When asked how convicts made it to the list of Wolesi Jirga nominees, Hodman said: “The IECinfo-icon asks candidates during their registration to provide information about their criminal record from police, so candidates use any possible ways to prepare a certificate that clears them of any crimes, which is questionable.”

Pointing to the case of Mohammad Mirza Katawazai, a Wolesi Jirga candidate from Paktika province, Hodman said: “When a person is sentenced to punishment by the court in absentia, such figures should be detained according to the penal code and their cases followed.”

He said corruption in the government organs concerned had paved the ground for convicts to escape from the law. “It is questionable that persons like Katawzai who present clearance certificates from police to the IEC despite facing criminal cases in judiciary organs.”

Hodman criticized the Ministry of Interior (MoI) for having no database about criminals and said: “Unfortunately the MoI does not have an organized database through which we can identify those incapacitated from civil rights during election process.”

Ministry of Interior (MoI)

MoI’s deputy spokesman Nasrat Rahimi told Pajhwok Afghan News: “The MoI has processed forms about candidates’ crimes through its biometric system, the criminal records of candidates who have committed crimes in the past are included in the forms, it depends on the IEC to accept or reject them.”

“All those who have criminal cases against them in the judiciary organs have been added to the MoI biometric system,” Rahimi said.

On the other hand, Ainuddin Bahaduri, a member of the Afghanistan Lawyers Association, said: “If a person is sentenced to more than 10 years of jail then the person is deprived of political and civil rights and he or she cannot nominate for elections, but if a person is sentenced to less than 10 years in jail he or she also cannot contest elections until the convict completes his or her jail term.”

He said even if such figures won the elections they could not represent their people according to Afghanistan’s laws. “Electoral commissions are responsible to find conviction documents of such people and police detain them.”

About conviction of Mirza Katawazai in his absence, he said it was questionable how Katawazi was able to nominate for the Wolesi Jirga polls despite his conviction.

“A court ruling in absentia of a person is given when the person is absent or inaccessible to Afghan security forces and attorneys, but not accepting the ruling is another crime the person has committed”, he said.

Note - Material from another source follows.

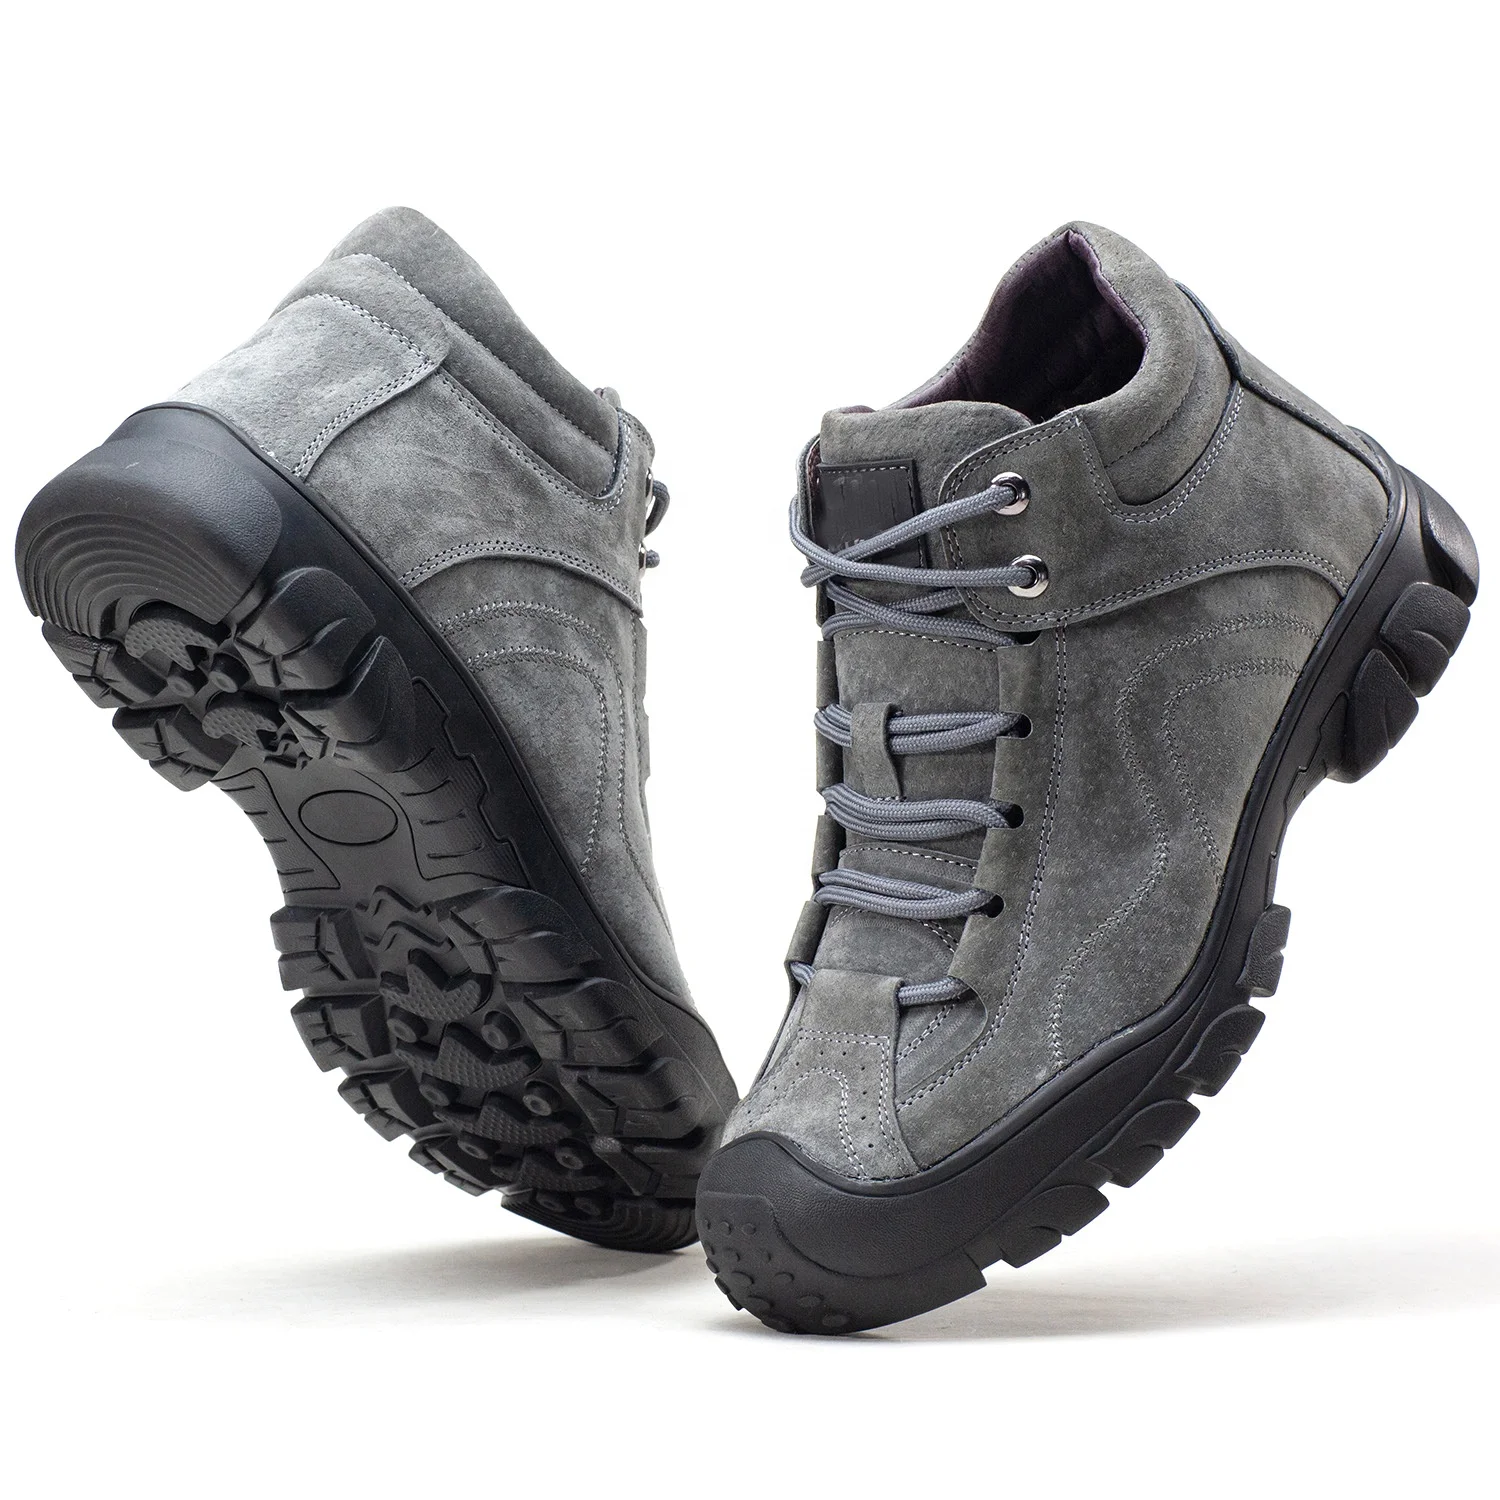 

High top leather oem boots S1 S2 S3 new design construction winter working steel toe in stock good low price safety shoes
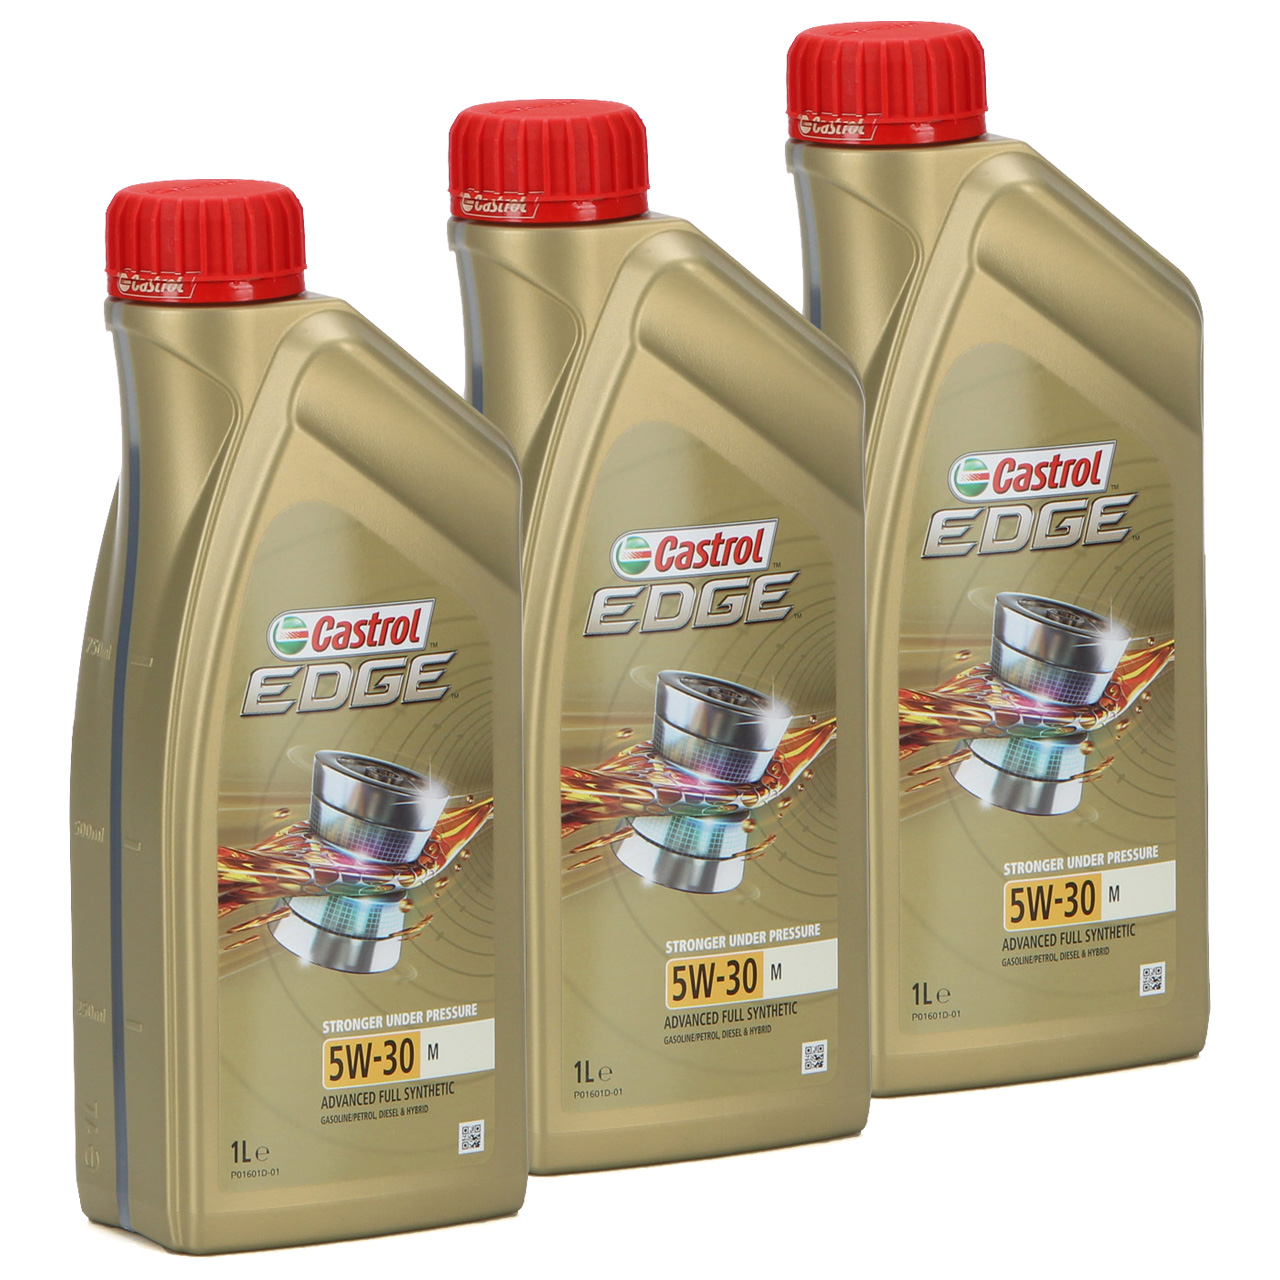 3x Castrol Edge FST 5w-30 Fully Synthetic Engine Oil 1L VW, Longlife (3  Litre)

About the primary court’s decision in absentia and no appeal from the accused and ignoring summons, he said: “When the primary court hands down a verdict, it should come in presence of the defense lawyer, but if the accused does not have a lawyer then the government appoints a legal assistance who defends the accused in absentia and the court procedures continue this way.”

Shahla Farid, a political science lecturer in Kabul University, said if a person was sentenced to imprisonment or deprived of civil and political rights, he/she could not nominate for elections or have political activities.

Independent Electoral Complaints Commission (IECC)

However, IECC spokesman Ali Reza Rouhani said if there was evidence about candidates deprived of civil and political rights or sentenced by courts, they would be removed from the list.

He did not comment about non-removal of the two candidates from the candidate list by IECC, but said if there were legal documents that bar people from candidacy and political activities, they would be removed from the list of candidates.

Rouhani said the IECC was neutral in acts and decisions and acted according to the law.